Among the puzzling aspects of the MoU are demands for reforms on things seemingly trivial as milk. While pensioners are eating out of garbage cans, the troika has been haggling over how old a carton of milk can be if it is to be labeled “fresh.” Stiglitz observes that if you look closely you see that special interests — in this case the big dairy companies of Holland — appear to be behind the reforms. Dutch milk sellers would prefer that their milk, which travels long distances to reach Greece, be allowed to call itself fresh — a move that will only hurt local dairies. By discouraging local production, the MoU paves the way for even more Greek unemployment and less demand for goods and services — hardly a recipe for economic health. (The chairman of the Eurogroup, it may be worth noting, is Jeroen Dijsselbloem, the Dutch Finance minister).
http://www.huffingtonpost.com/lynn-parr ... 20522.html
Stiglitz is exactly right in his diagnosis. Dutch milk being shipped to Greece is an example of everything that is wrong and goes wrong making things worse for Greece. Btw 90% of the money that goes from the North to the debt obligations of Greece is not invested in Greece, but to shady banks in Southern Europe as well as the even darker Deutsche Bank and is a defacto continuous bail-out stream of money to keep those bankrupt-near bankrupt banks afloat on northerner tax payer money.

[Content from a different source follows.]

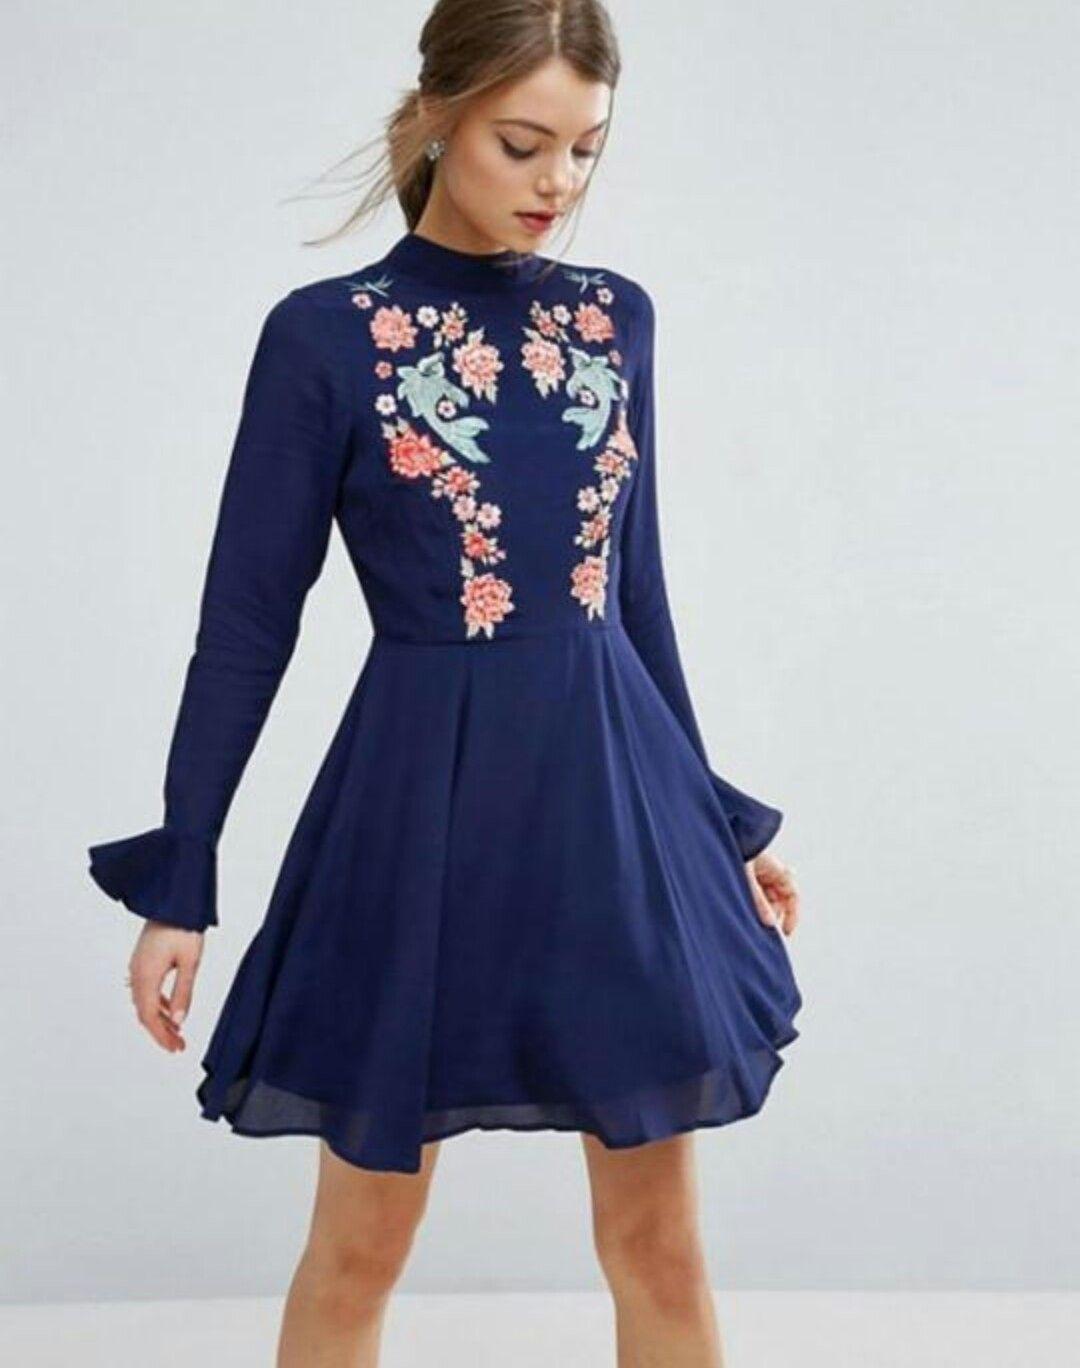 Pin von Rose Yusuf auf Dress | Pinterest

Stiglitz has a proposal for a Greek Euro, but it won't work either. Greece's dept should be officially written off (which is basically the case anyways..they only need to pay back hundred years from now), then it should have its own currency back (name unimportant), banks holding those written off debts should go to the butcher as they did in Iceland and put back those sanitized banks into the market run by different managers who know the difference between stupid and responsible. Then leave it to the Greek people what gvt they want, how to organize their economy etc. Just my worthy Dutch two cents.

Dijsselbloem is out anyways most likely and fortunately. A typical double agent for international banking, corporate globalism, salon socialism, EU central mismanagement and sitting there to serve Dutch self-interest all at the same time. Too many hats for one man to wear. No wonder he started to make funny remarks about women and alcohol; most likely projection.